■ Required work: Keep the pictures out, and restate the listing that follows exactly as written.

■ Collected material:
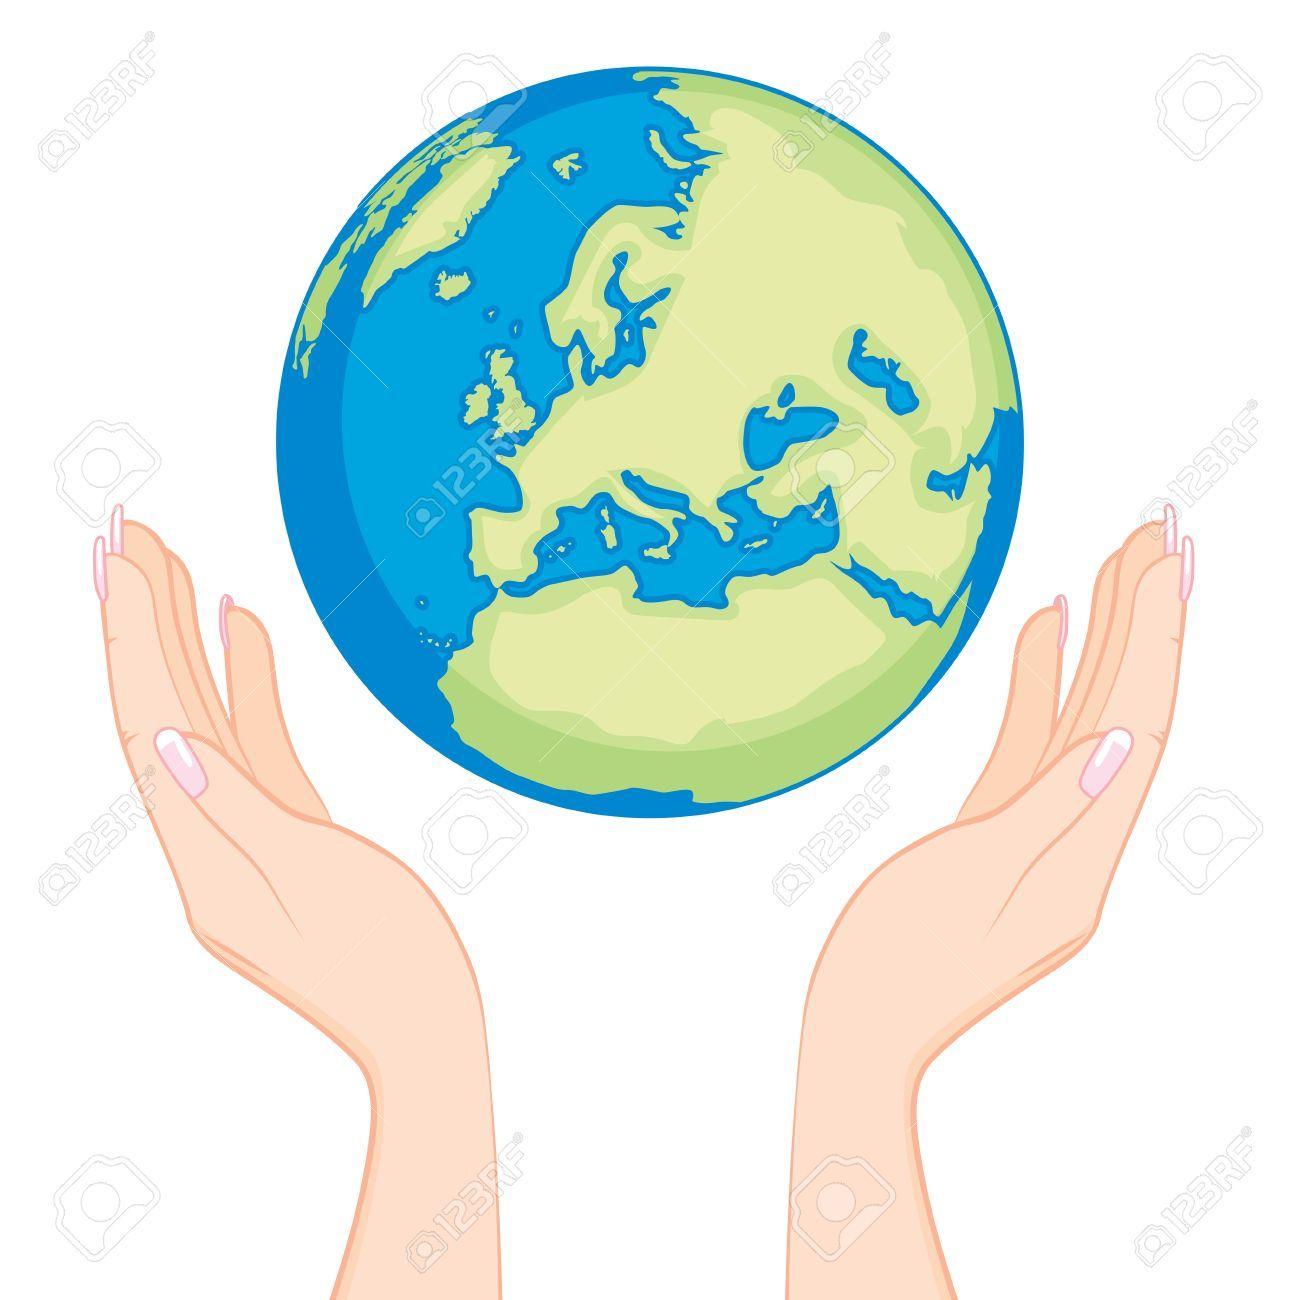 Hands Holding Globe Logo - Hand Holding Globe Clipart | Great free clipart, silhouette ...
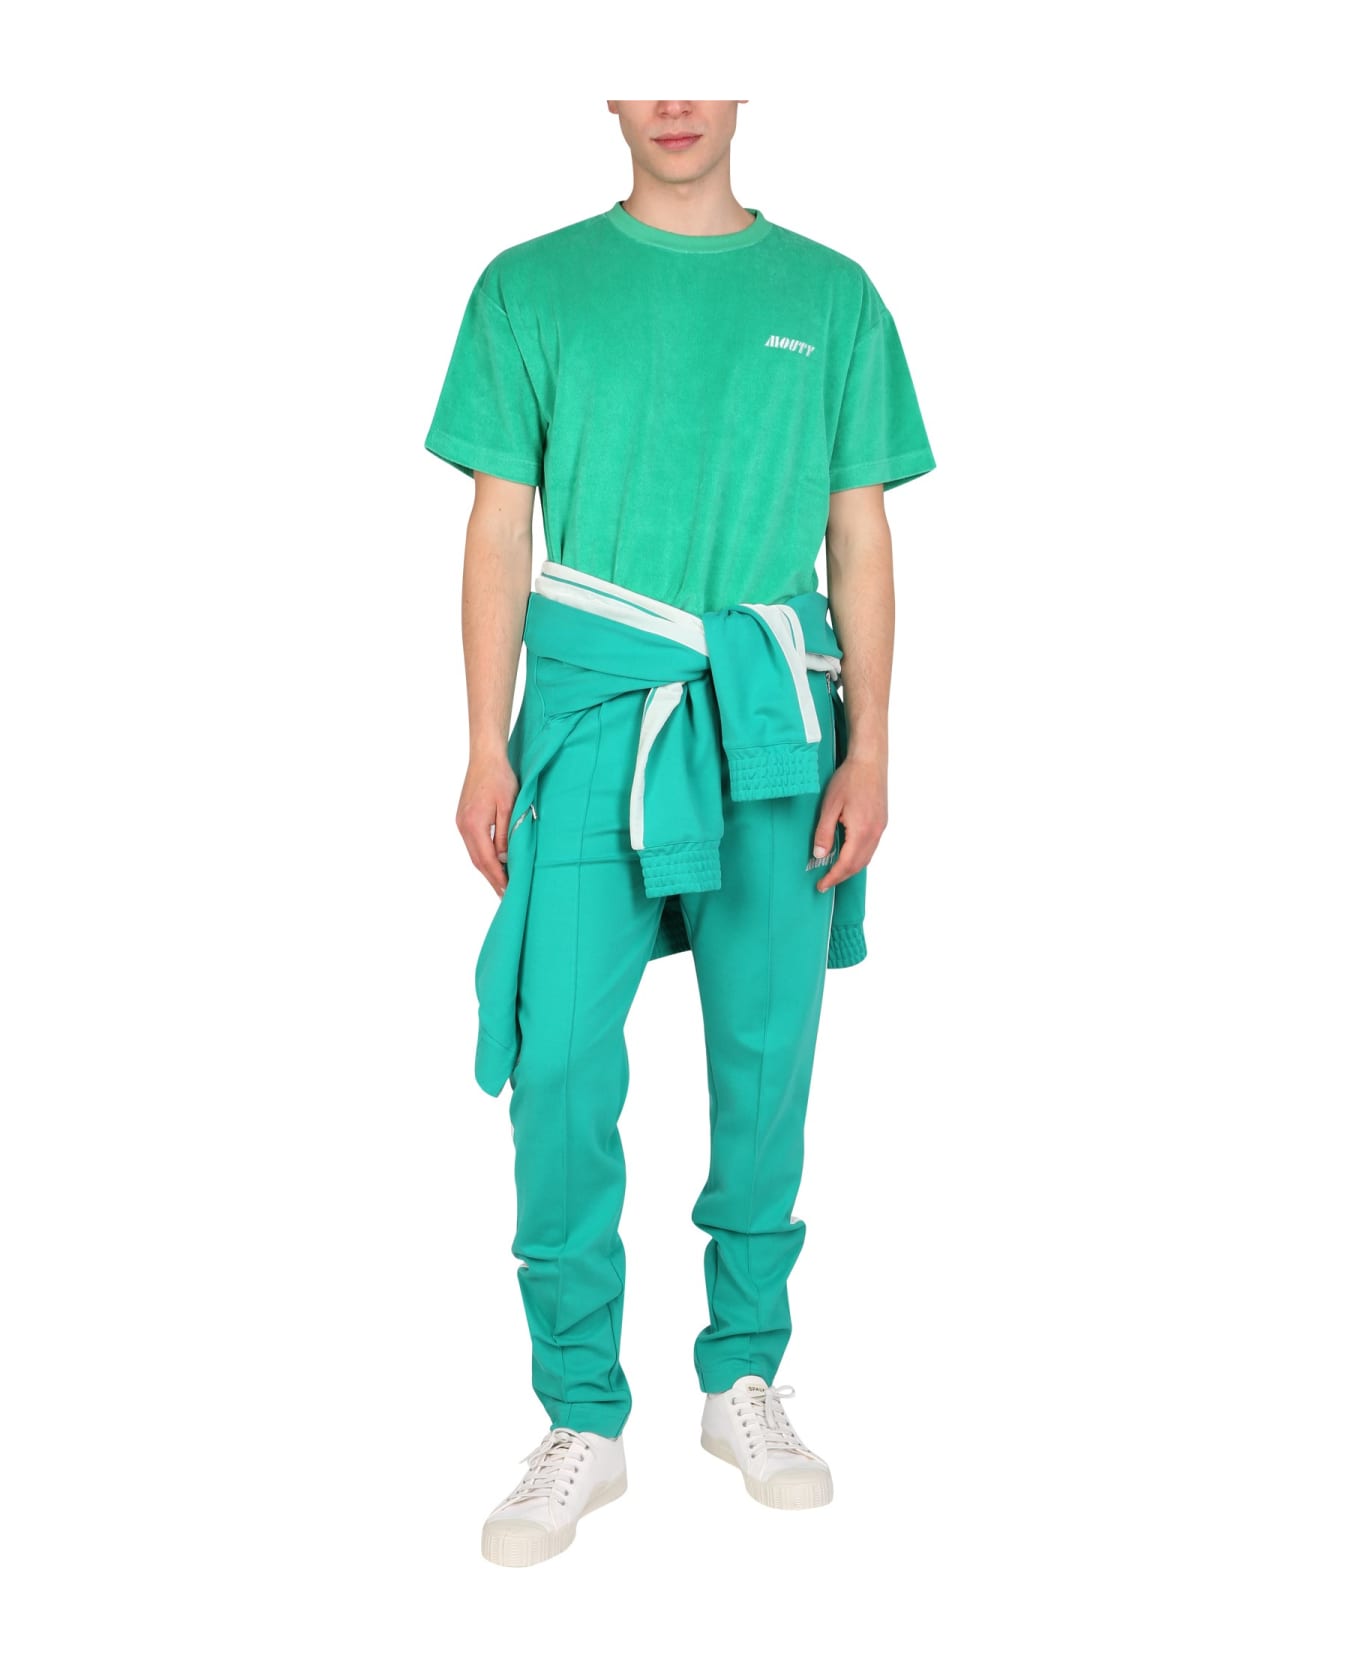 Mouty Terry T-shirt - VERDE
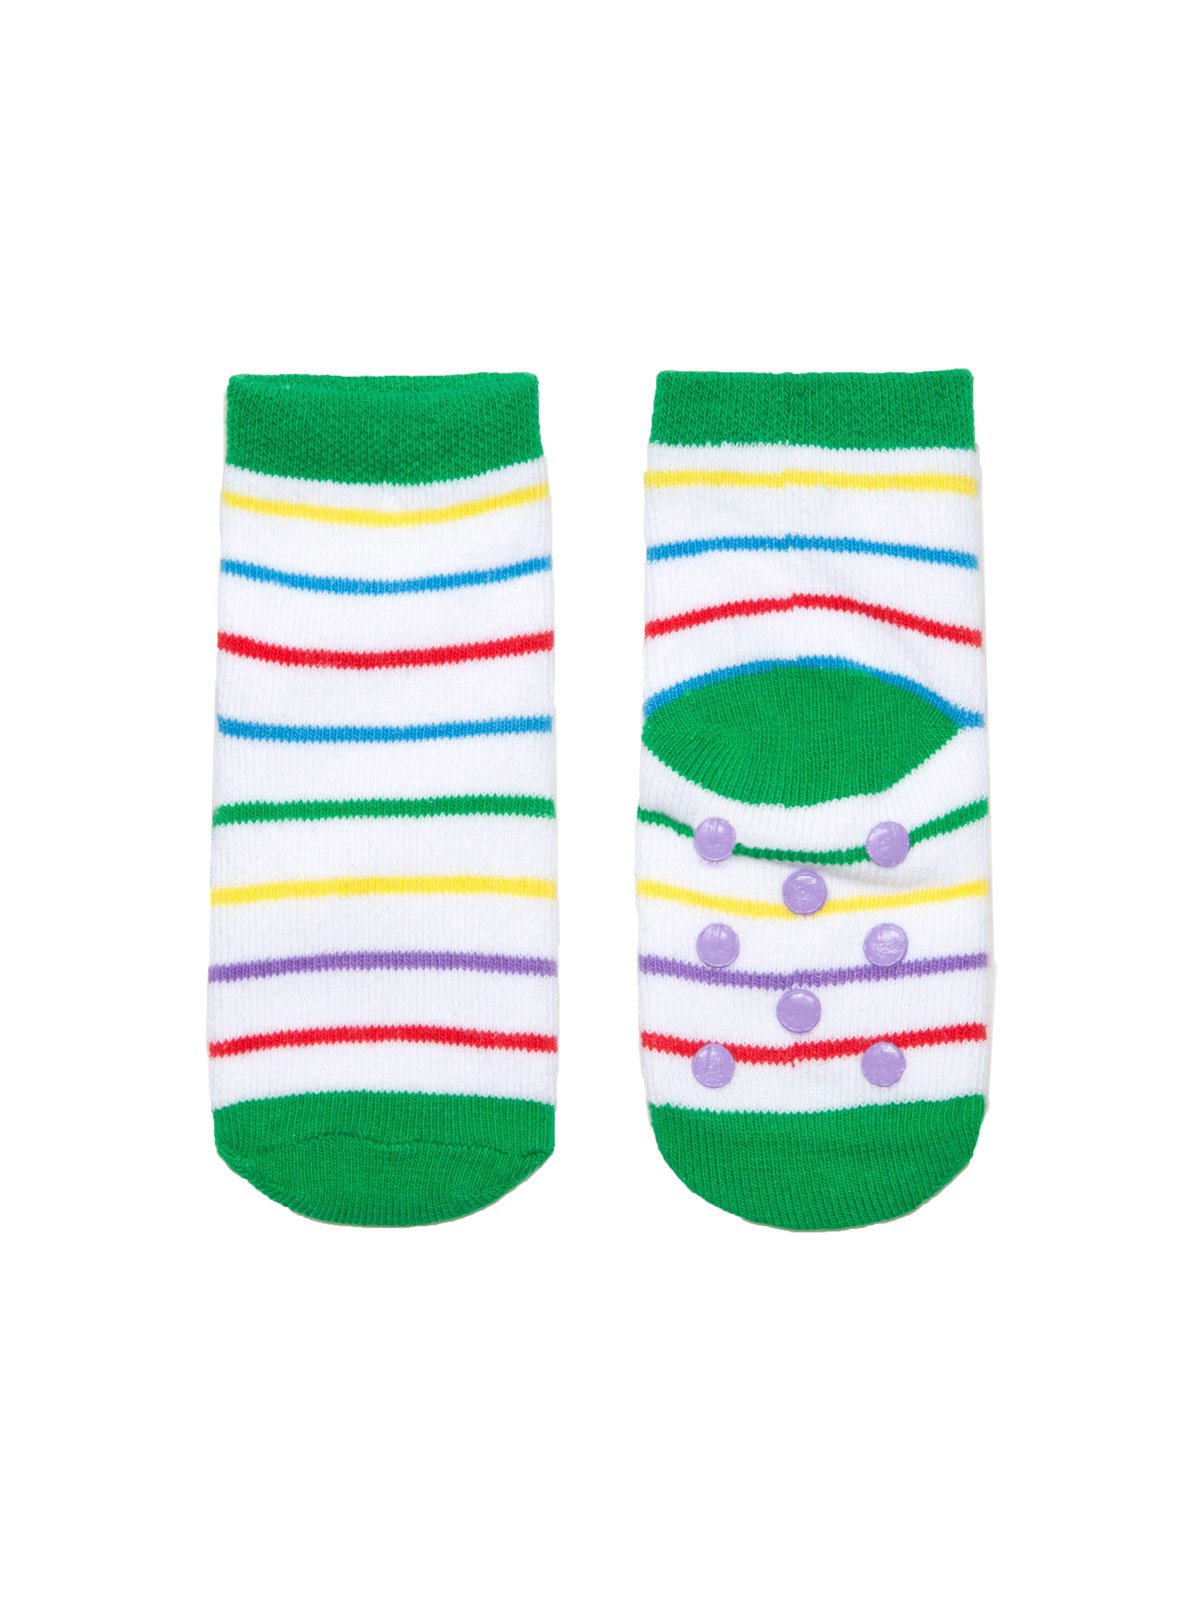 Shown from the front and back, the white socks with a green heel, toe, and cuff feature  a yellow, blue, red, and green striped pattern. Theses socks also feature rubber grips on the foot.

■ Your response:
 Hands Holding Globe Logo - Hand Holding Globe Clipart | Great free clipart, silhouette ...
 Mouty Terry T-shirt - VERDE
 Shown from the front and back, the white socks with a green heel, toe, and cuff feature  a yellow, blue, red, and green striped pattern. Theses socks also feature rubber grips on the foot.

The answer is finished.